What's your typical day like?
Wake up around 8ish. Still pitch black outside. Daylight Savings Time, pretty please come soon. Roll out of bed, get dressed, grab a piece of fruit or some pan de leche(a sweet bread) to eat on my way to the bus stop. I take the bus to school, which takes about 25 minutes. I don't mind the ride - I either listen to Spanish podcasts or, if can snag a copy, I read the daily paper that's free on the bus.
My day can go one of two ways. I split time between two schools - two days at one school, two days at the other. These schools are sort of like Dr. Jekyll and Mr. Hyde - the angel and devil. If I'm at the good school, the next few hours fly by as I play with kids and try to chat them up in English. If I go to the other school, the next few hours drag as I clean out supply closets, correct the teacher's pitiful English, and speak almost exclusively Spanish to the children because otherwise they don't understand a word I say.
After school I come home, maybe stopping at the market on the way, and start making lunch. This is the big meal of the day, and we usually eat it between 2 and 3. So I'll make pasta, or soup, or anything you can reasonably make on a stove. Then,siesta until 5 or so.

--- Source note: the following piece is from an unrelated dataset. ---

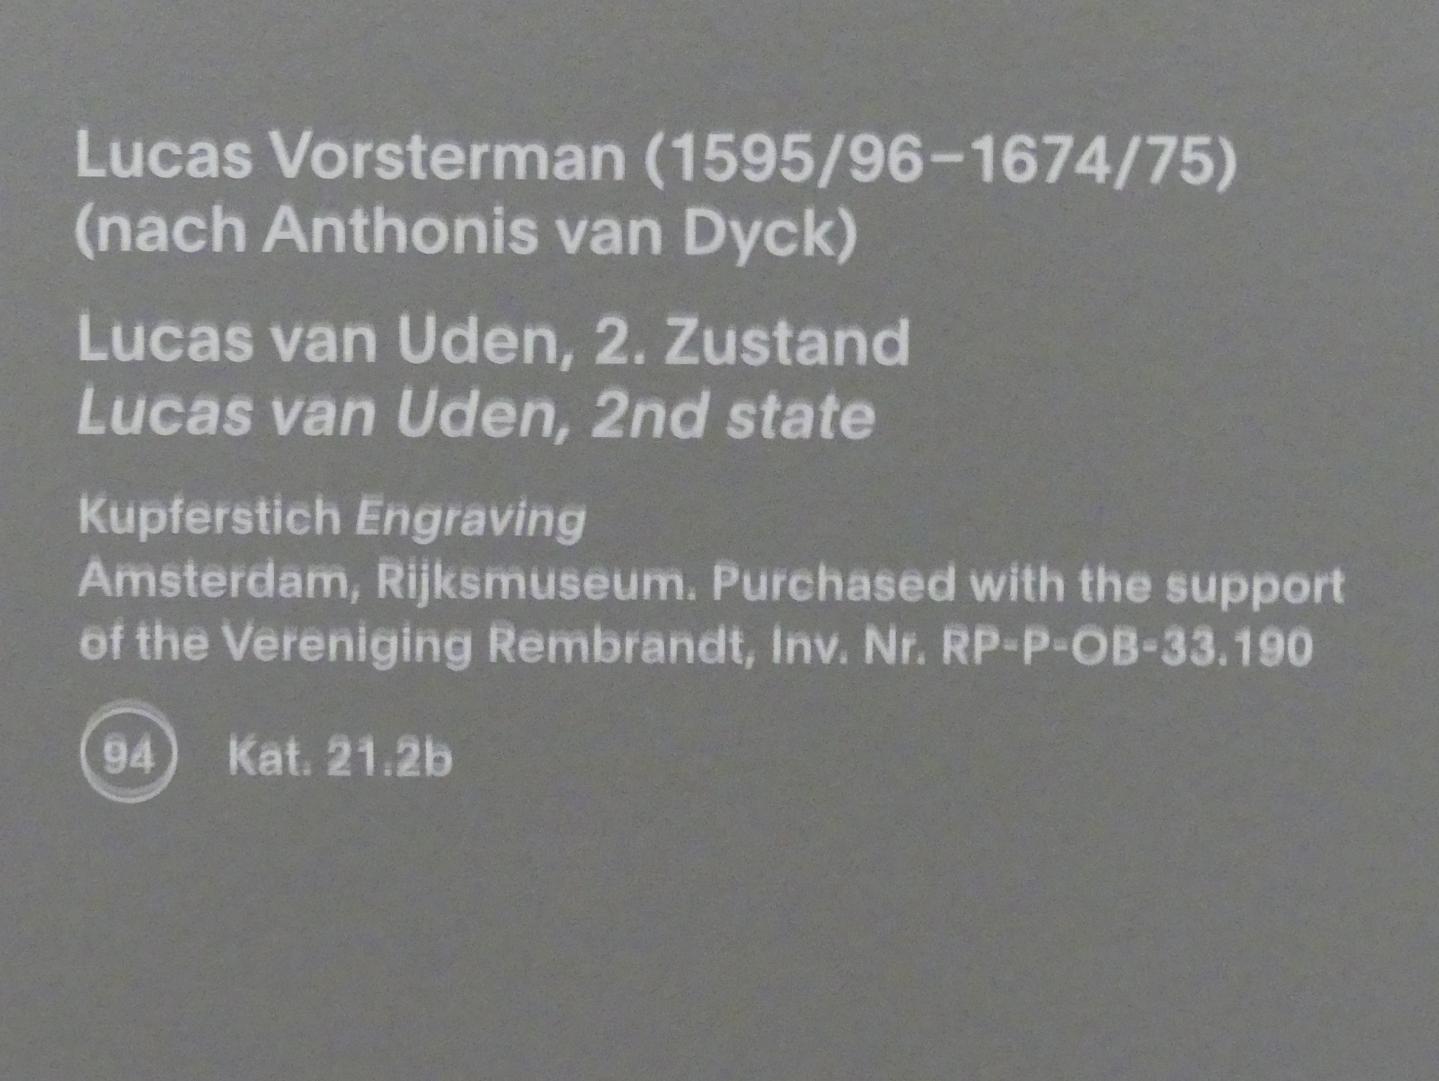 Lucas Vorsterman (1621–1634), Lucas van Uden, 2.Zustand, München, Alte Pinakothek, Ausstellung "Van Dyck" vom 25.10.2019-02.02.2020, Die "Ikonographie" - 2, Undatiert, Bild 3/3

After that, we either: run errands, play basketball, walk on the beach, hang out with friends, read books, walk in the park, and so on and so forth. A very light dinner around 9, if we eat one at all. Sometimes we'll go out for tapas around 7 or so, and we have a little tapas place on the beach that is small and friendly and cheap - a good combination. A little of this, a little of that. Then we sack out around 11 or so, sometimes later.
How do you get to work?
I walk 5 minutes to the bus stop, and then catch a bus for about 25 minutes. Then another 5 minutes on that end to walk to school. In general for getting around town, we walk everywhere. Already a 45-minute walk isn't feeling particularly long. But for longer distances, the bus works wonders. Once we figured the dang thing out.
Do you really eat dinner at 9pm?
Yes, really. Small breakfast at 9ish, Big lunch at 2ish, then dinner is around 9 and usually consists of the following: wine, crackers, cheese, chorizo (Spanish sausage), fruit, and olives. Very light, nothing prepared. Restaurants here don't even open for lunch until 2, and then they close from 4:30 until the dinner crowd comes at 8 or 9. So if you're hungry at 6:30 like a good American, you're totally out of luck. Luckily it's pretty easy to get adjusted to the new time schedule, and after the first week my stomach was used to it. Now I love it!
Is it as beautiful as I think it is?
Yes, yes yes. And no, a little bit. Yes because this is the south of Spain, and the green hills slope into the sky-colored Mediterranean, and the sun shines on the white stucco houses, and horse's hooves clatter on the cobblestones. Yes because there are pomegranate trees heavy with fruit, and the fragrance of jasmine floats from the trees, and yes because there is a cathedral and a castle that look comfy and care-worn from the centuries of rain and sunshine. And no, a little bit too, because in Europe there are still dumpsters, and seedy parts of town, and ugly graffiti on concrete tunnel walls. It is lovely, but it's a real place, and it has its charm and its scars, just like everything else.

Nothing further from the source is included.